Lutheran Church of Our Redeemer, Enfield CT
June 7, 2026
Grace, mercy, and peace to you from God our Father and from our Lord and Savior, Jesus Christ. Amen.
Our text is the Gospel Reading from Matthew 9:
9As Jesus went on from there, He saw a man sitting at the tax booth called Matthew, and He said to him, “Follow me.” And he got up and followed Him. 10And it happened that as Jesus was reclining at table in the house, also behold, many tax collectors and sinners came and were reclining at table with Jesus and His disciples. 11And when the Pharisees had seen this, they began to say His disciples, “Why does your teacher eat with tax collectors and sinners?” 12And when He had heard, He said, “Those who are healthy do not have need of a physician, but those who are sick do. 13But go and learn what this is, “Mercy I desire and not sacrifice.” For I did not come to call righteous people, but sinners.”
Jesus concluded His words to a rich, chief tax collector, saying, “For the Son of Man came to seek and to save the lost” (Luke 19:10 ESV). That tax collector’s name was Zacchaeus. But before Zacchaeus had met Jesus after being called down from the sycamore tree, Jesus found Matthew sitting at the tax booth. Both Zacchaeus and Matthew were “lost.” They were those among the lost whom Jesus had come to find and to save.

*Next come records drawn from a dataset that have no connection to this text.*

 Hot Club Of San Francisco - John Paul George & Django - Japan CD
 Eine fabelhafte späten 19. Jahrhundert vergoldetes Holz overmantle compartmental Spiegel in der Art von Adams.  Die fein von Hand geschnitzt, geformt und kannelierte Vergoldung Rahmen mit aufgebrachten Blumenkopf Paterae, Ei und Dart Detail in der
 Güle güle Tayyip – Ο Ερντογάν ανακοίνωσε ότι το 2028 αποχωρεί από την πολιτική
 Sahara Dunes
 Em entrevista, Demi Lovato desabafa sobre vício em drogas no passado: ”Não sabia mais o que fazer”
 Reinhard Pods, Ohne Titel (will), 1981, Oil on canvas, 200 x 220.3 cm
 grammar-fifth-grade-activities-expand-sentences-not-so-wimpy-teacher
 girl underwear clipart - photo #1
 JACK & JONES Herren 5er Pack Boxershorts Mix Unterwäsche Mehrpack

We see the motif of lost and found throughout the Scriptures. When Isaiah saw Yahweh of Hosts, he called out in fear of judgement and death, “Woe is me! For I am lost; for I am a man of unclean lips, and I dwell in the midst of a people of unclean lips; for my eyes have seen the King, the Lord of hosts!” (Is. 6:5). God spoke through Jeremiah the prophet about the people of Israel, “My people have been lost sheep” (Jer. 50:6a). And the Lord made this promise through Ezekiel, “I will seek the lost, and I will bring back the strayed, and I will bind up the injured, and I will strengthen the weak, and the fat and the strong I will destroy. I will feed them in justice” (Ezek. 34:16).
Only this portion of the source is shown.